Section 2. Election. The Board of Directors at its first meeting after
each annual meeting of stockholders shall elect a President, a Secretary, a
Treasurer and such other officers with such other titles as the Board of
Directors shall determine.
Section 3. Appointment of Other Agents. The Board of Directors may
appoint such other officers and agents as it shall deem necessary, who shall
hold their offices for such terms and shall exercise such powers and perform
such duties as shall be determined from time to time by the Board of Directors.
Section 4. Compensation. The salaries of all officers of the
corporation shall be fixed by the Board of Directors or a committee thereof.
The salaries of agents of the corporation shall, unless fixed by the Board of
Directors, be fixed by the President or any Vice-President of the corporation.
Section 5. Tenure. The officers of the corporation shall hold office
until their successors are chosen and qualify.
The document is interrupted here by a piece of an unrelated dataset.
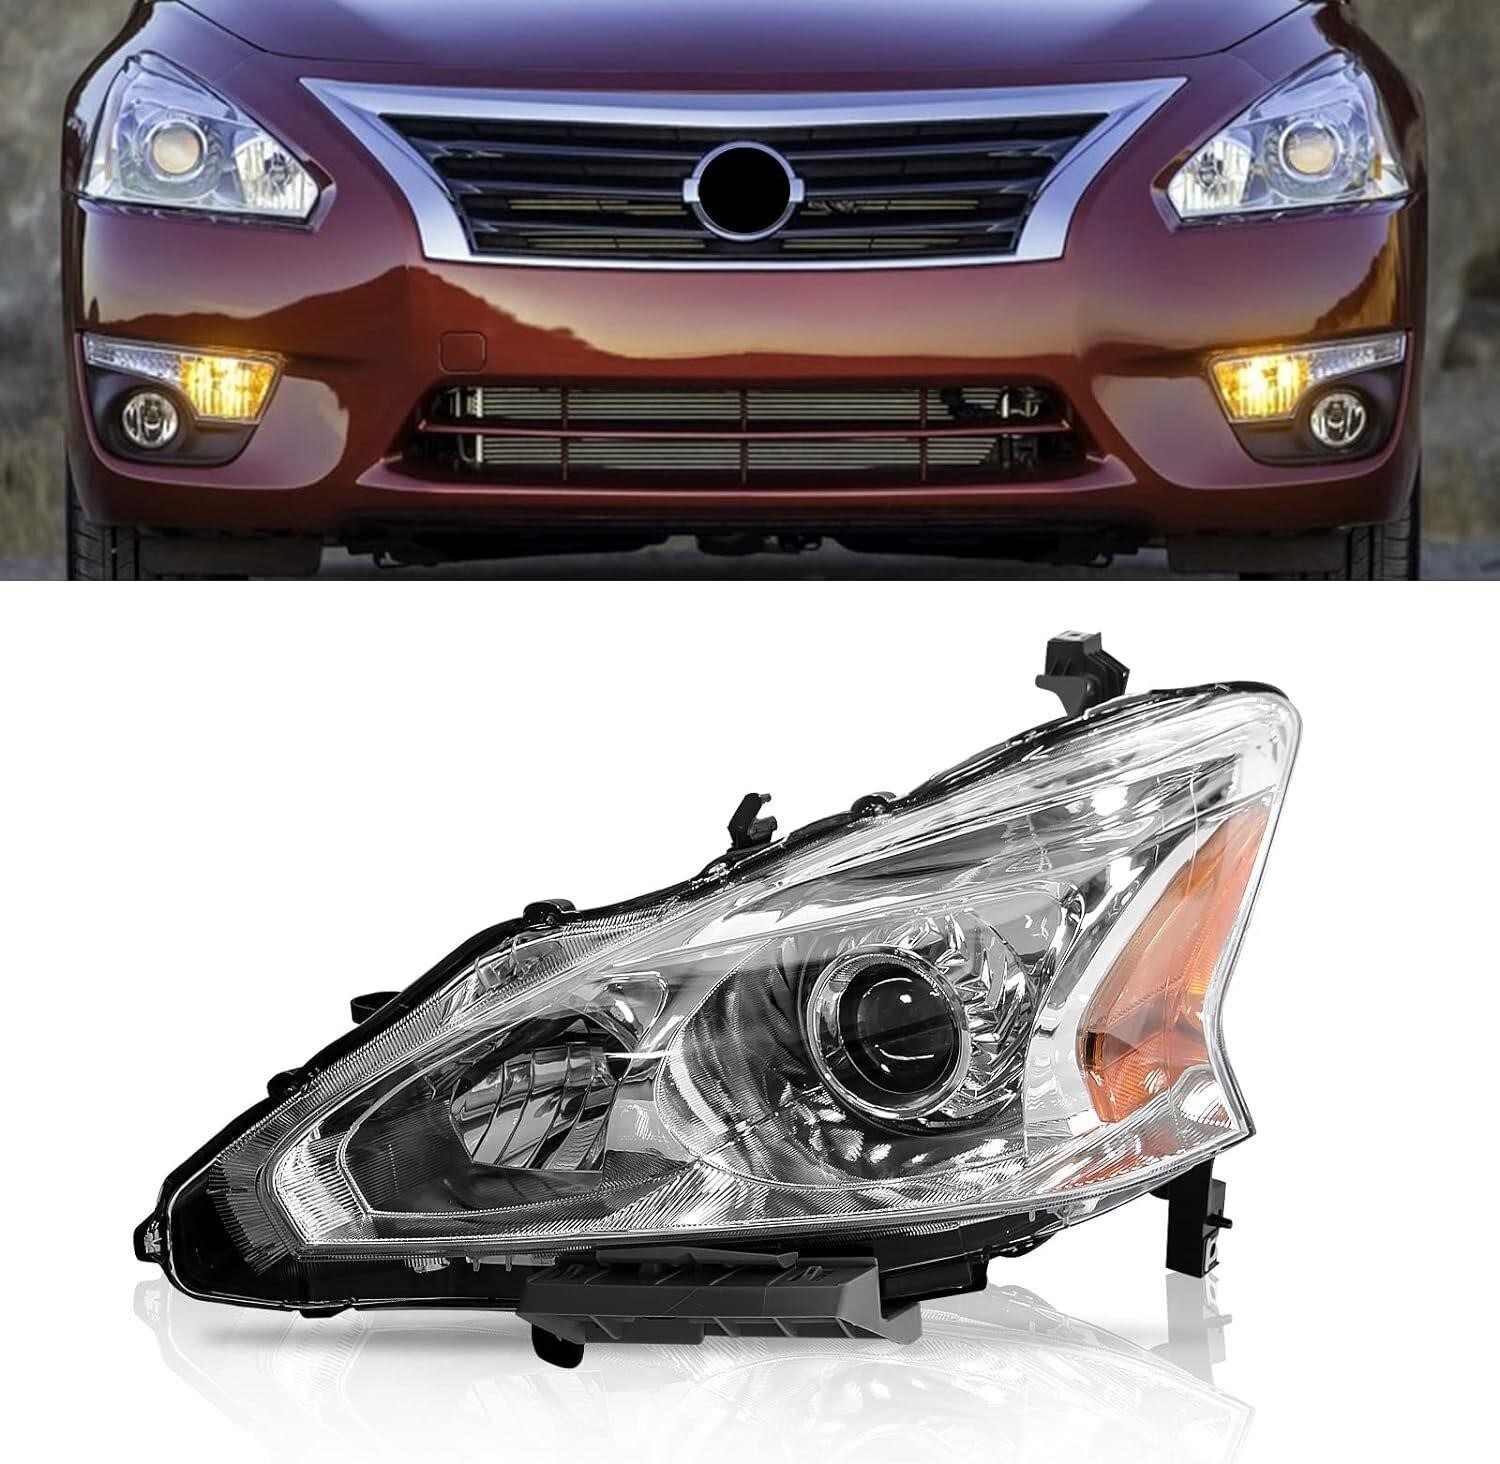 BoardRoad Headlight for 2013-2015 Nissan Altima
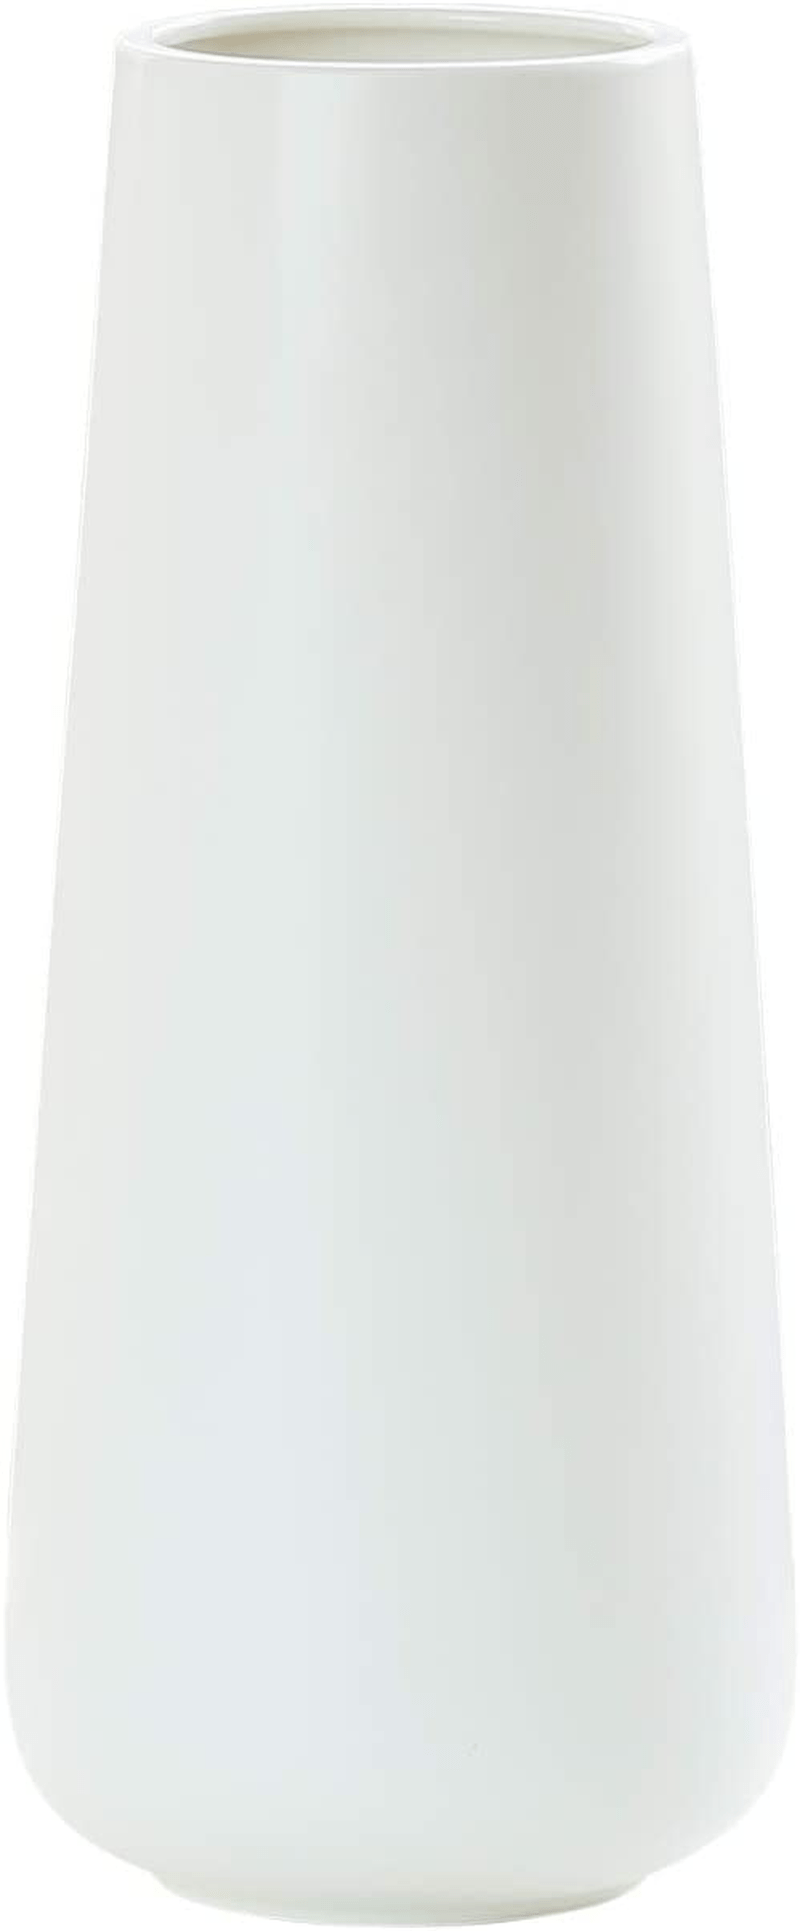 11 Inch Matte White Ceramic Flower Vase for Home Décor, Design Box Package, VS-MAT-W-11 Home & Garden > Decor > Vases D'vine Dev Matte White 11 Inch

Any officer elected or
appointed by the Board of Directors may be removed at any time by the
affirmative vote of a majority of the directors of the Board of Directors. Any
vacancy occurring in any office of the corporation shall be filled by the Board
of Directors.
Section 6. Chairman of the Board and Vice-Chairman of the Board. The
Chairman or Chairmen of the Board, if any, shall preside at all meetings of the
Board of Directors and of the stockholders at which he or they shall be
present. He or they shall have and may exercise such powers as are, from time
to time, assigned to him or them by the Board and as may be provided by law.
In the absence of the Chairman of the Board, the Vice Chairman of the Board, if
any, shall preside at all meetings of the Board of Directors and of the
stockholders at which he shall be present. He shall have and may exercise such
powers as are, from time to time, assigned to him by the Board of Directors and
as may be provided by law.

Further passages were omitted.